Your Perfect Assignment is Just a Click Away

We Write Custom Academic Papers

100% Original, Plagiarism Free, Customized to your instructions!


College Data Set Exploration Exercise

College Data Set Exploration Exercise


This exercise relates to the College data set, which can be found in the file College.csv. It contains a number of variables for 777 different universities and colleges in the US. The variables are

  • Private : Public/private indicator
  • Apps : Number of applications received
  • Accept : Number of applicants accepted
  • • Enroll : Number of new students enrolled

  • Top10perc : New students from top 10 % of high school class
  • • Top25perc : New students from top 25 % of high school class

    • F.Undergrad : Number of full-time undergraduates

    • P.Undergrad : Number of part-time undergraduates

  • Outstate : Out-of-state tuition
  • • Room.Board : Room and board costs

  • Books : Estimated book costs
  • Personal : Estimated personal spending
  • PhD : Percent of faculty with Ph.D.’s
  • Terminal : Percent of faculty with terminal degree
  • • S.F.Ratio : Student/faculty ratio

    • perc.alumni : Percent of alumni who donate

    • Expend : Instructional expenditure per student

    • Grad.Rate : Graduation rate

    Before reading the data into R, it can be viewed in Excel or a text editor.

    (a) Use the read.csv() function to read the data into R. Call the loaded data college. Make sure that you have the directory set to the correct location for the data.

    (b) Look at the data using the fix() function. You should notice that the first column is just the name of each university. We don’t really want R to treat this as data. However, it may be handy to have these names for later. Try the following commands: 2.4 Exercises 55 > rownames (college )=college [,1] > fix(college) You should see that there is now a row.names column with the name of each university recorded. This means that R has given each row a name corresponding to the appropriate university. R will not try to perform calculations on the row names. However, we still need to eliminate the first column in the data where the names are stored. Try > college =college [,-1] > fix(college) Now you should see that the first data column is Private. Note that another column labeled row.names now appears before the Private column. However, this is not a data column but rather the name that R is giving to each row.

    (c) i. Use the summary() function to produce a numerical summary of the variables in the data set.

    ii. Use the pairs() function to produce a scatterplot matrix of the first ten columns or variables of the data. Recall that you can reference the first ten columns of a matrix A using A[,1:10].

    iii. Use the plot() function to produce side-by-side boxplots of Outstate versus Private.

    iv. Create a new qualitative variable, called Elite, by binning the Top10perc variable. We are going to divide universities into two groups based on whether or not the proportion of students coming from the top 10 % of their high school classes exceeds 50 %. > Elite=rep(“No”,nrow(college )) > Elite[college$Top10perc >50]=” Yes” > Elite=as.factor(Elite) > college=data.frame(college , Elite) Use the summary() function to see how many elite universities there are. Now use the plot() function to produce side-by-side boxplots of Outstate versus Elite.

    v. Use the hist() function to produce some histograms with differing numbers of bins for a few of the quantitative variables. You may find the command par(mfrow=c(2,2)) useful: it will divide the print window into four regions so that four plots can be made simultaneously. Modifying the arguments to this function will divide the screen in other ways.

    vi. Continue exploring the data, and provide a brief summary of what you discover.…

    Order Solution Now

    Our Service Charter

    1. Professional & Expert Writers: Writers Hero only hires the best. Our writers are specially selected and recruited, after which they undergo further training to perfect their skills for specialization purposes. Moreover, our writers are holders of masters and Ph.D. degrees. They have impressive academic records, besides being native English speakers.

    2. Top Quality Papers: Our customers are always guaranteed papers that exceed their expectations. All our writers have +5 years of experience. This implies that all papers are written by individuals who are experts in their fields. In addition, the quality team reviews all the papers before sending them to the customers.

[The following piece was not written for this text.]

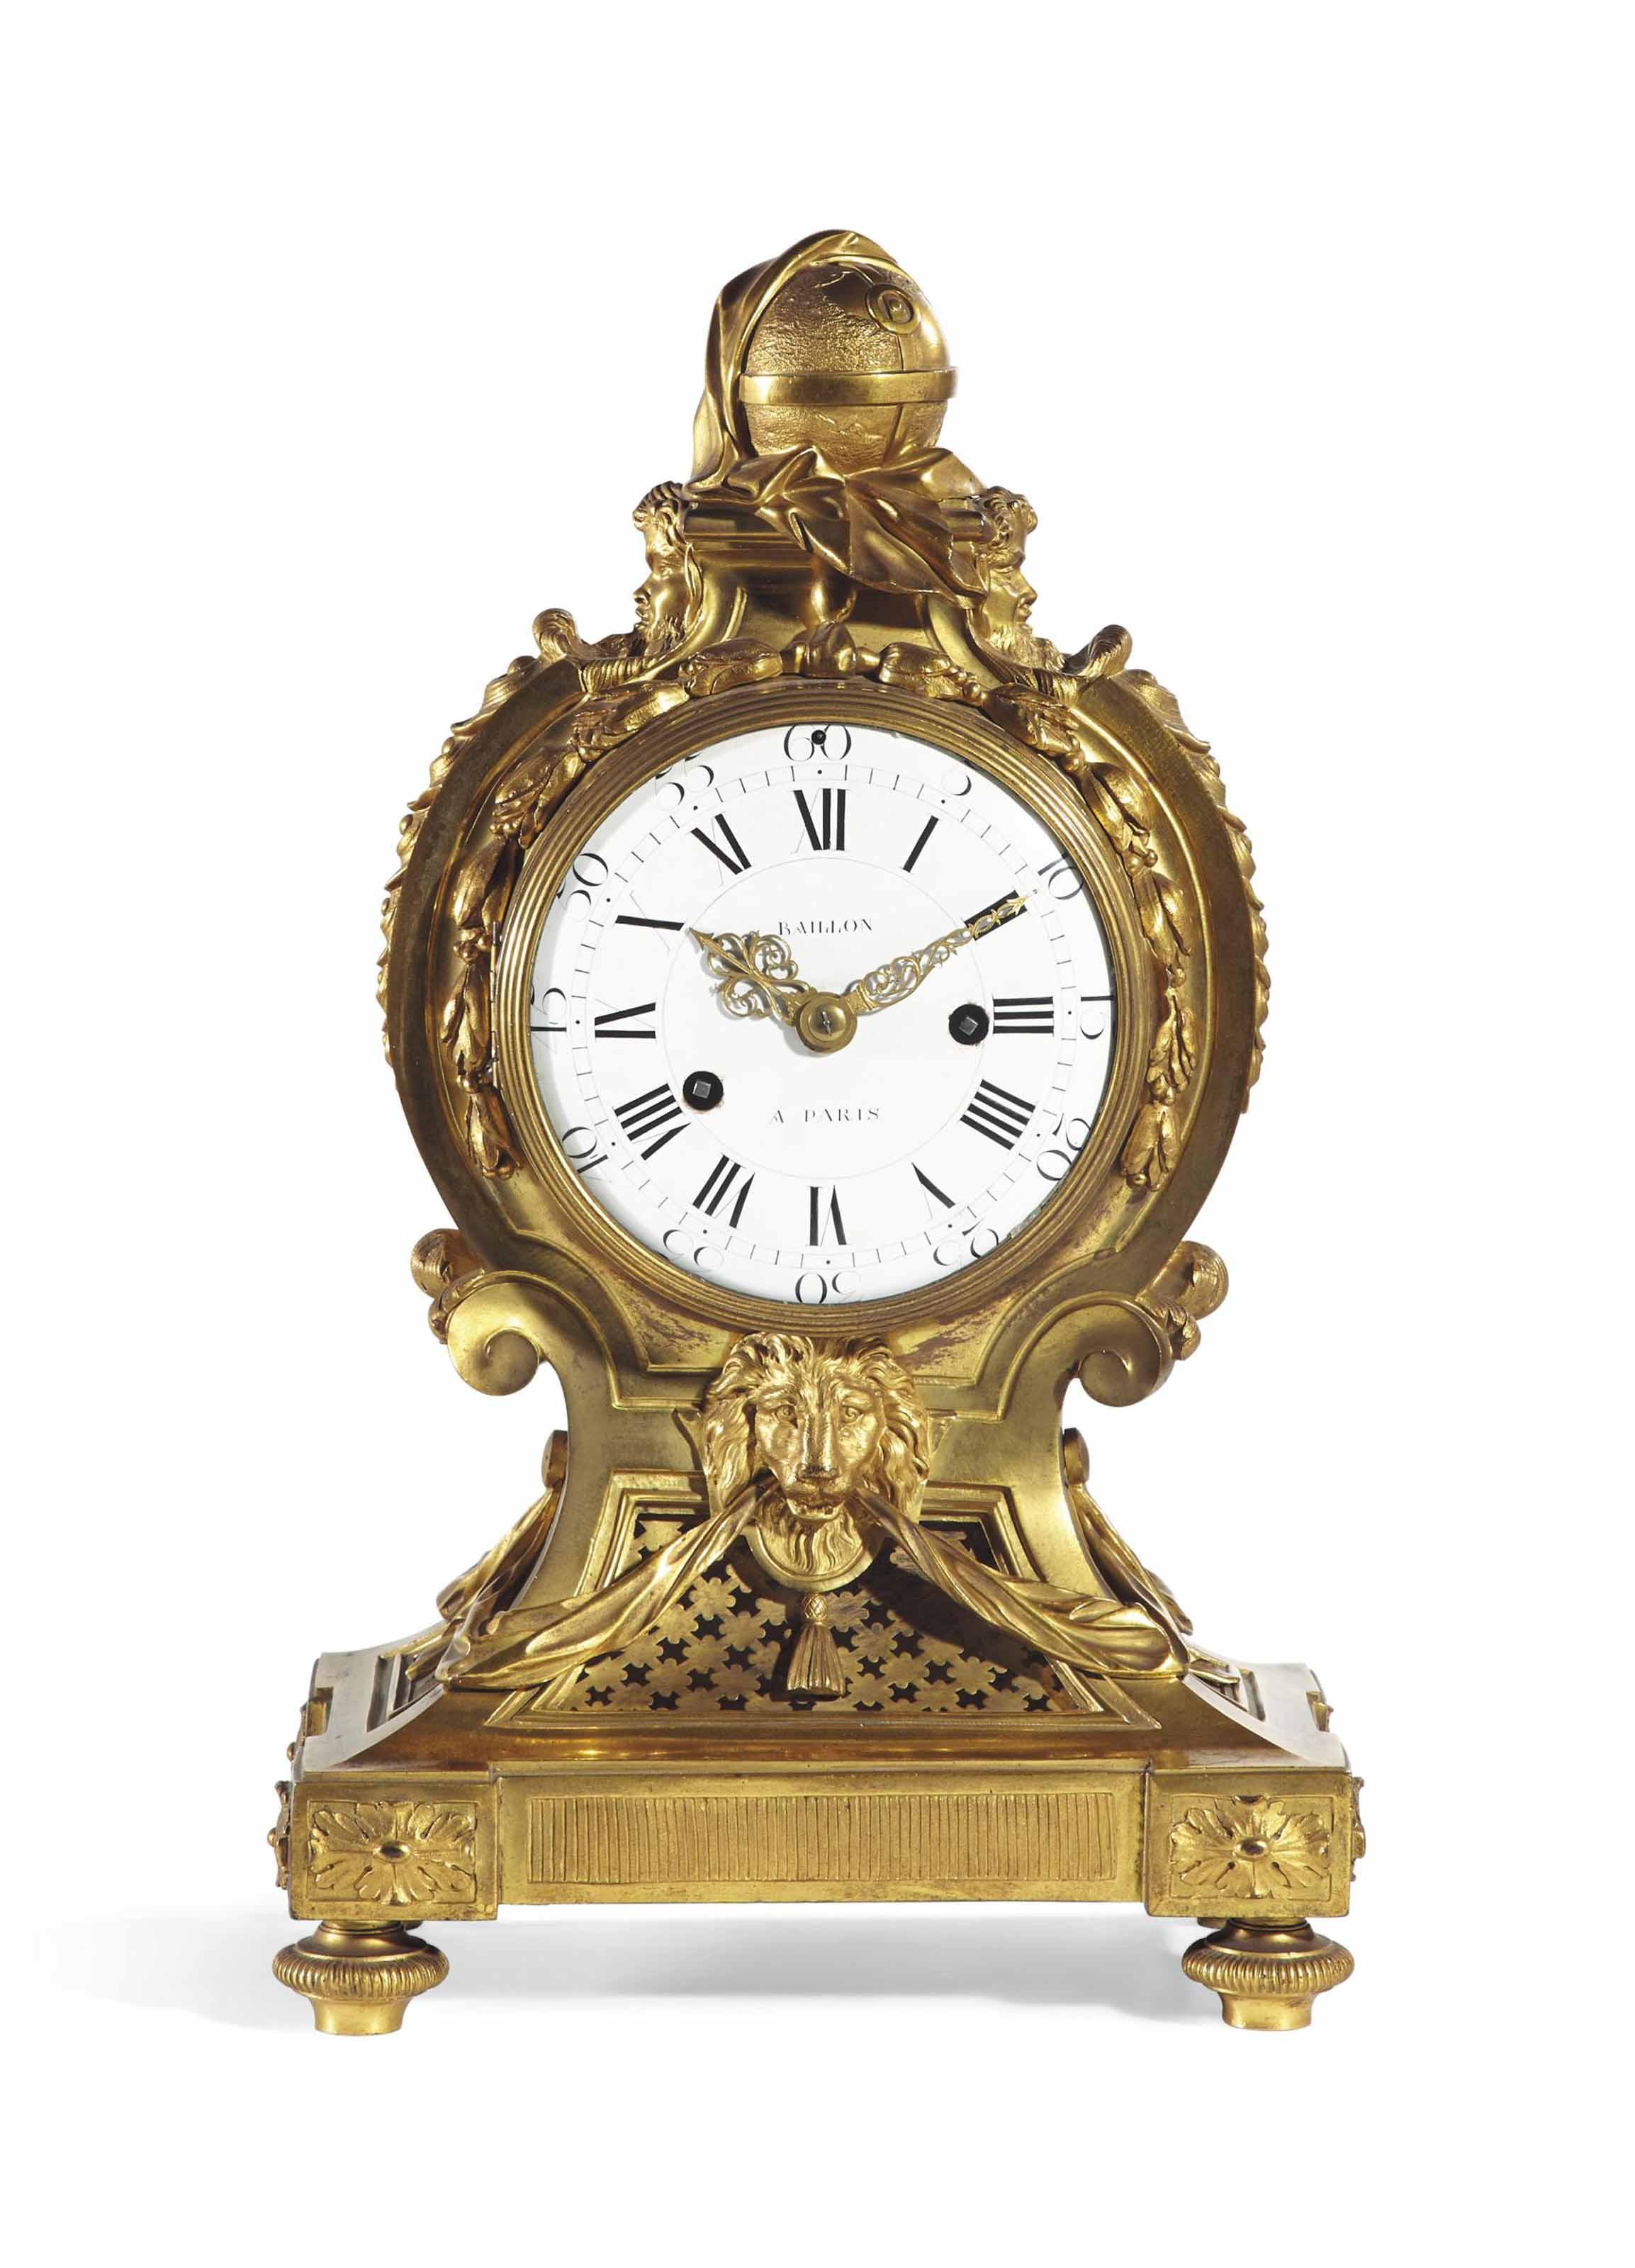 pendule de cartonnier d 39 epoque louis xvi signature de jean baptiste baillon vers 1770. Black Bedroom Furniture Sets. Home Design Ideas
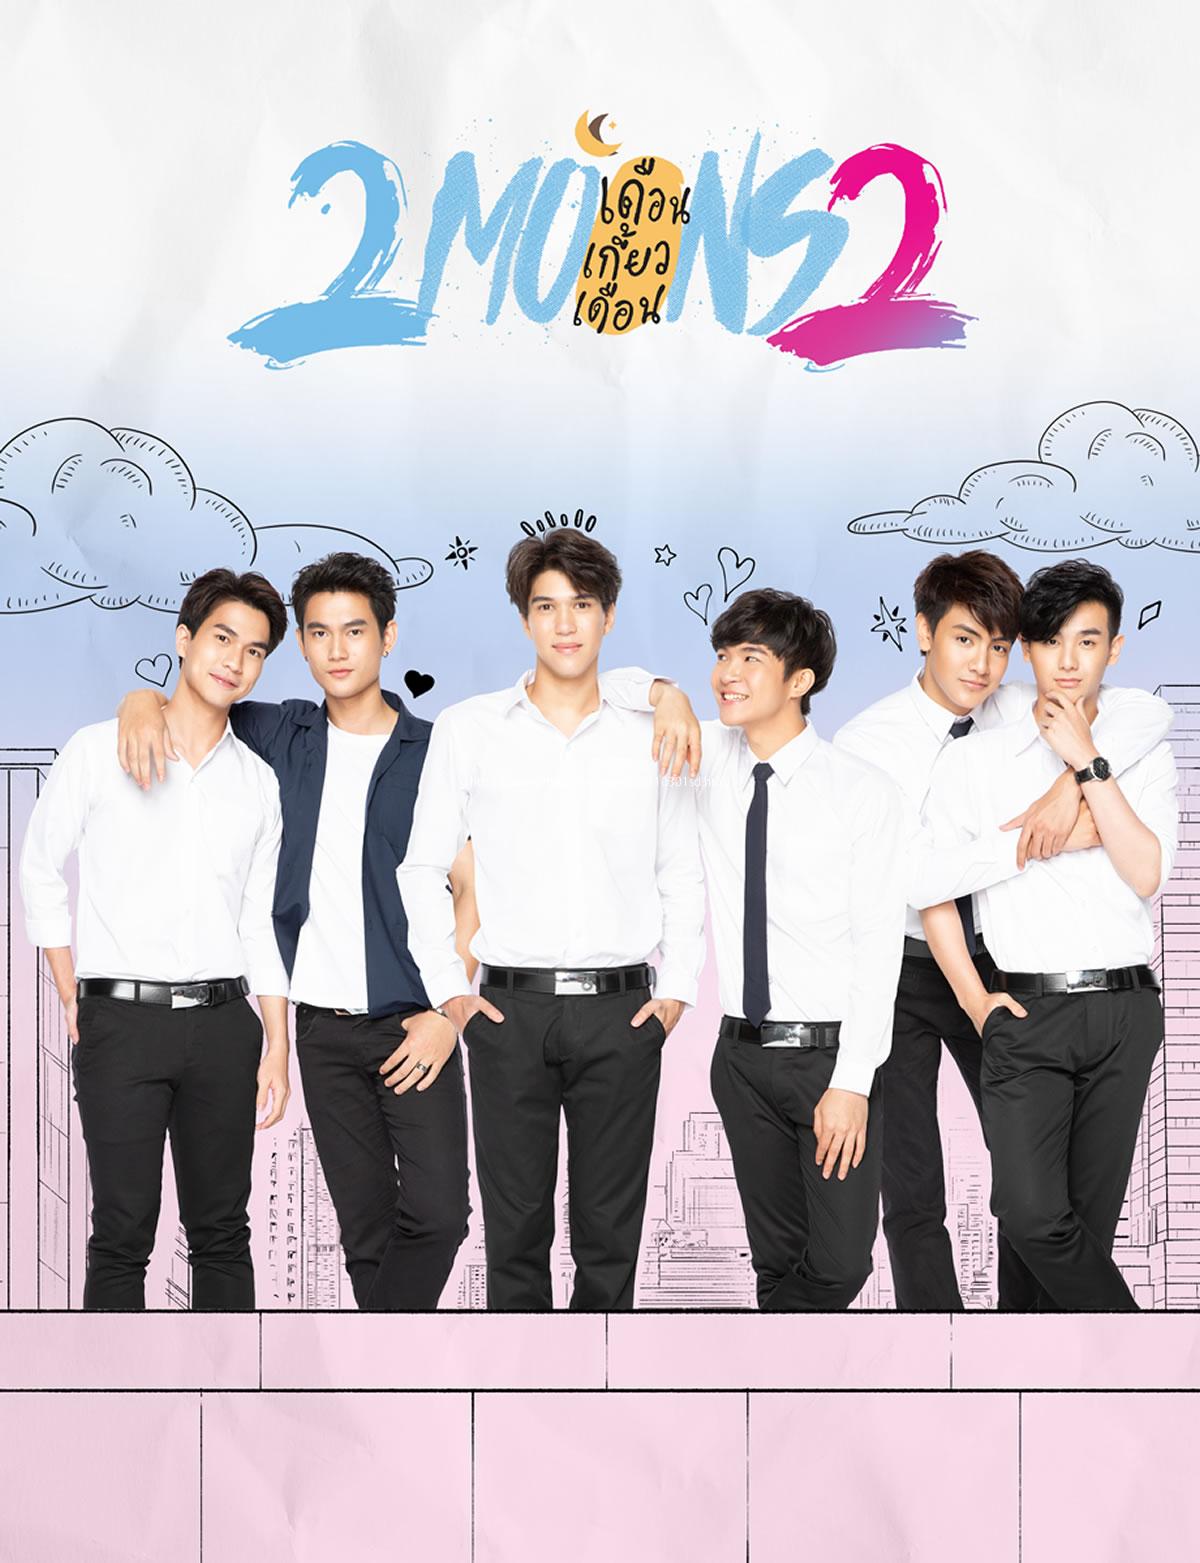 タイBLドラマ「2Moons2」がRakuten TVで独占先行配信決定

    3. Plagiarism-Free Papers: All papers provided by Writers Hero are written from scratch. Appropriate referencing and citation of key information are followed. Plagiarism checkers are used by the Quality assurance team and our editors just to double-check that there are no instances of plagiarism.

    4. Timely Delivery: Time wasted is equivalent to a failed dedication and commitment. Writers Hero is known for timely delivery of any pending customer orders. Customers are well informed of the progress of their papers to ensure they keep track of what the writer is providing before the final draft is sent for grading.

    5. Affordable Prices: Our prices are fairly structured to fit all groups. Any customer willing to place their assignments with us can do so at very affordable prices. In addition, our customers enjoy regular discounts and bonuses.

    6. 24/7 Customer Support: At Writers Hero, we have put in place a team of experts who answer all customer inquiries promptly. The best part is the ever-availability of the team. Customers can make inquiries anytime.